The gist of the article was that British and Aussie actors are called upon to portray American action heroes because American actors are wimps.
John Papsidera, the casting director on two of Christopher Nolans three Batman films, was quoted as saying, You look at the list of American leading men, and in their 20s and 30s, theyre very boy-like. Take Jesse Eisenberg: I put him in Zombieland, but hes not going to play Superman.
I believe theres been a certain feminization of the American male, he added.
This touched a raw nerve and it caused some bloggers to express nostalgia for a time when Arnold Schwarzenegger starred in movies with names like Raw Nerve.
Feeling nostalgic for manliness as it was showcased in action films of the 80s is a little like feeling nostalgic for cream of mushroom soup as it was showcased in casseroles of the 70s.
If you are going to waste time feeling nostalgic, then make the most of it and pine away for guys like Steve McQueen, Cary Grant, Sean Connery and James Coburn.
As a man who regularly cries while watching poignant insurance commercials, I am the last person who should be hectoring other men about masculinity.

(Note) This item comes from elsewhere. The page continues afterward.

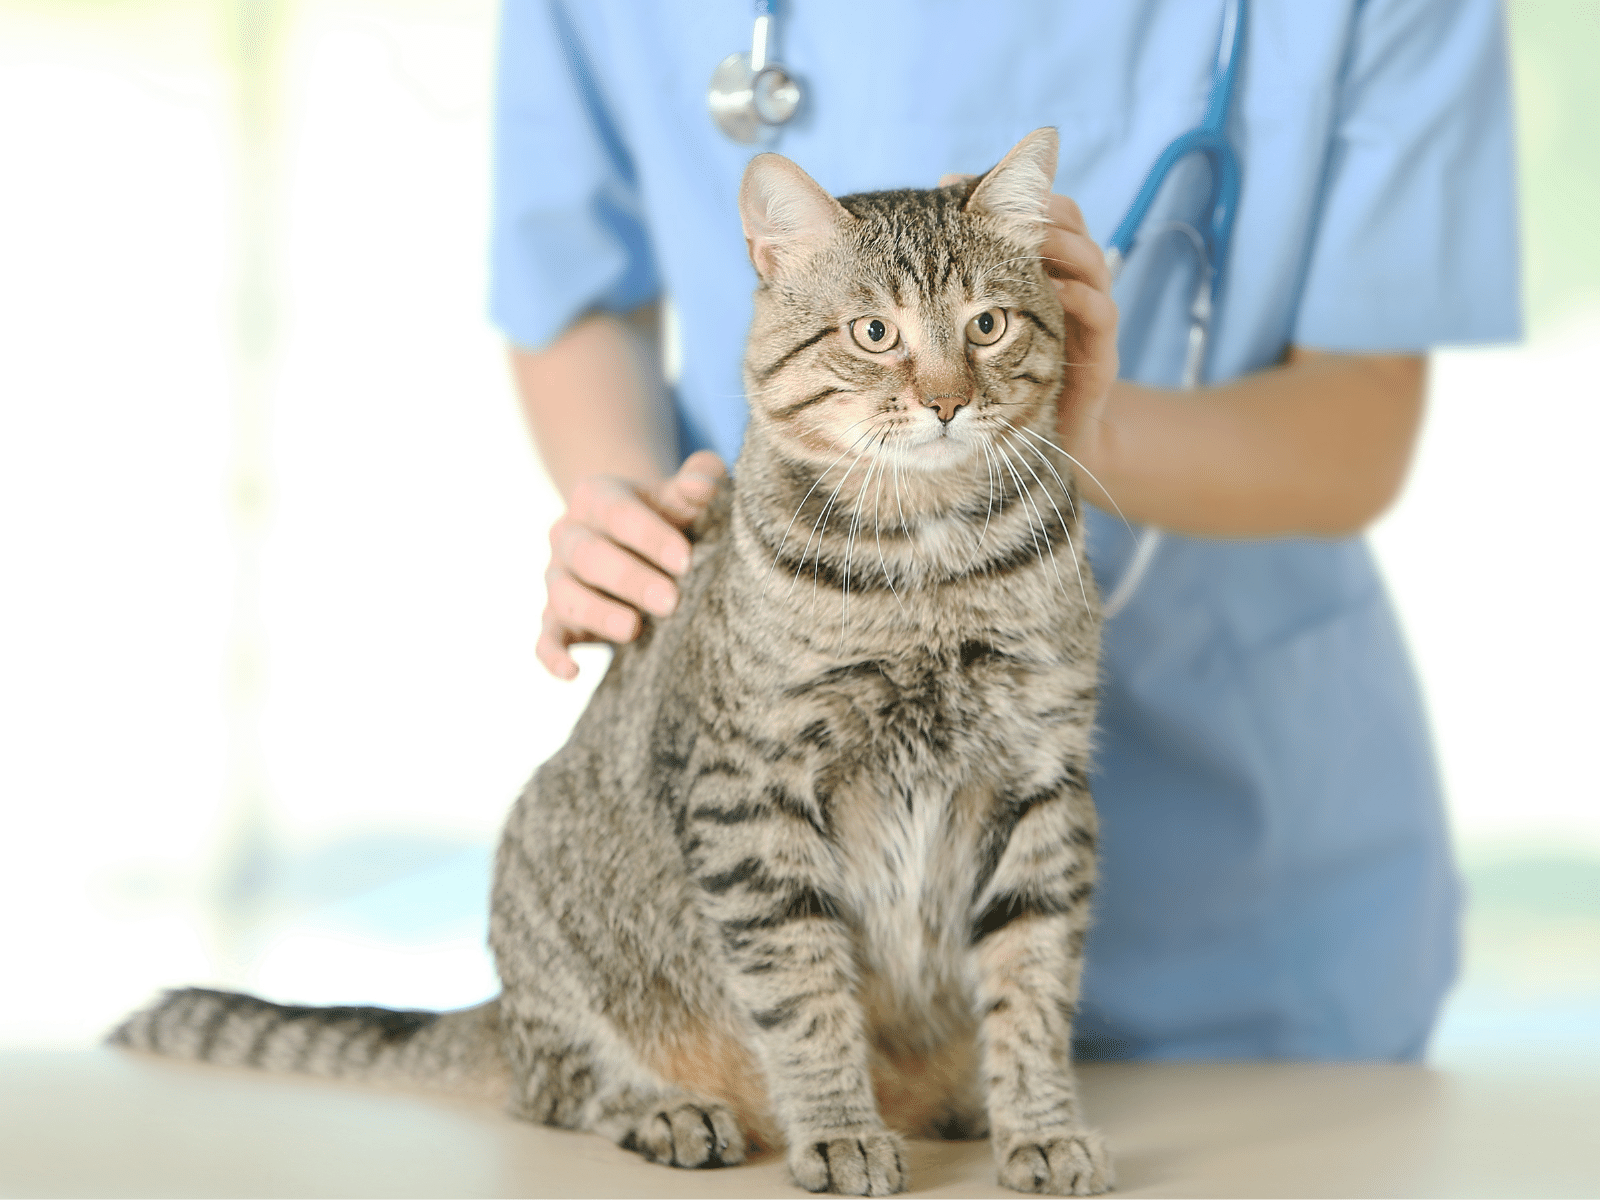 Veterinarian checking cat
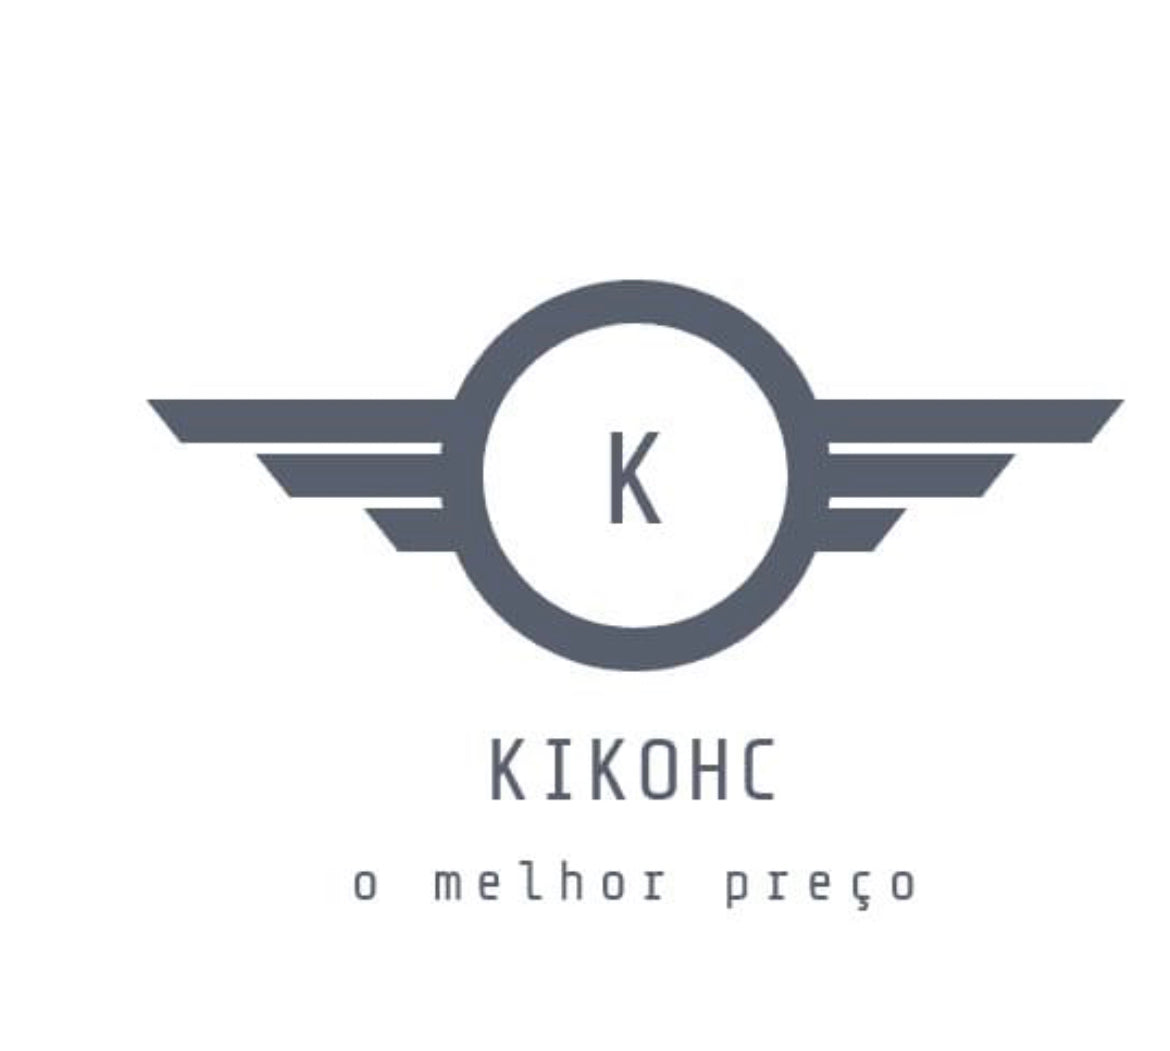 Kikohc

But if you look at the American actors who played action heroes in last summers movies, many of them were quite boy-like.
Sure, Jake Gyllenhaal has great abdominals, but his emotional range seems not much greater than that of the basset hound.
Ashton Kutcher also looks good naked, but I imagine that this appeal is undercut for his wife, Demi Moore, by the fact that she is always having to put him in timeout.
To dip one last time into my magic bag of canine analogies, Kutcher exudes all the existential mystery of a golden retriever.
And I am still not convinced that Leonardo DiCaprio has ever grown enough facial hair to justify the purchase of his first razor.
If you were stuck in a post-Apocalyptic wasteland with all these guys plus British actor Jason Statham, who would you put in charge of killing the nuclear mutants?
The drawback with a lot of these young American actors is that theyre merely boy toys – gym rats designed to appeal to young women, women-of-a-certain-age, and gay-men-of-certain-tastes.
So obsessed are we with these guys six-packs, we fail to notice that whenever they open their mouths, a tinny sound comes out.
Perhaps the problem is not one of masculinity, but of acting.
The young American actors who populate our most popular entertainments just arent very good for the most part. They strain mightily and achieve little.
I am not sure how well-suited Cavill is to the superhero genre, but – judging from his line readings in various YouTube clips – he seems to possess several qualities that our most recent Superman, Brandon Routh, lacked. For example, charisma, gravitas and roguish charm – just to name a few.
What you need for these overly reverential superhero and sci-fi movies is not a guy who looks good in a skin-tight body suit, but a guy who can make the silliest dialogue sound like Shakespeare.
I recall how controversial the casting of Patrick Stewart as the captain in Star Trek: The Next Generation was.
Who is this skinny, old, bald guy? many people wondered.
And then he opened his mouth and all misgivings evaporated.
Years after Star Treks creator Gene Roddenberry died, Paramount decided to cast Scott Bakula as a new captain. Bakula looked great in the uniform, but –– as an authority figure –– he had less in common with Winston Churchill than Screech from Saved By the Bell.
If you want to see actors making a silk purse (shivery lyricism) out of a sows ear (mouth-cramping nonsense), watch Scottish actor James McEvoy verbally spar with German actor Michael Fassbender in the trailer for the forthcoming superhero prequel X-Men: First Class.
They probably do far fewer sit-ups than is seemly these days, but they sure know how to make that welkin ring.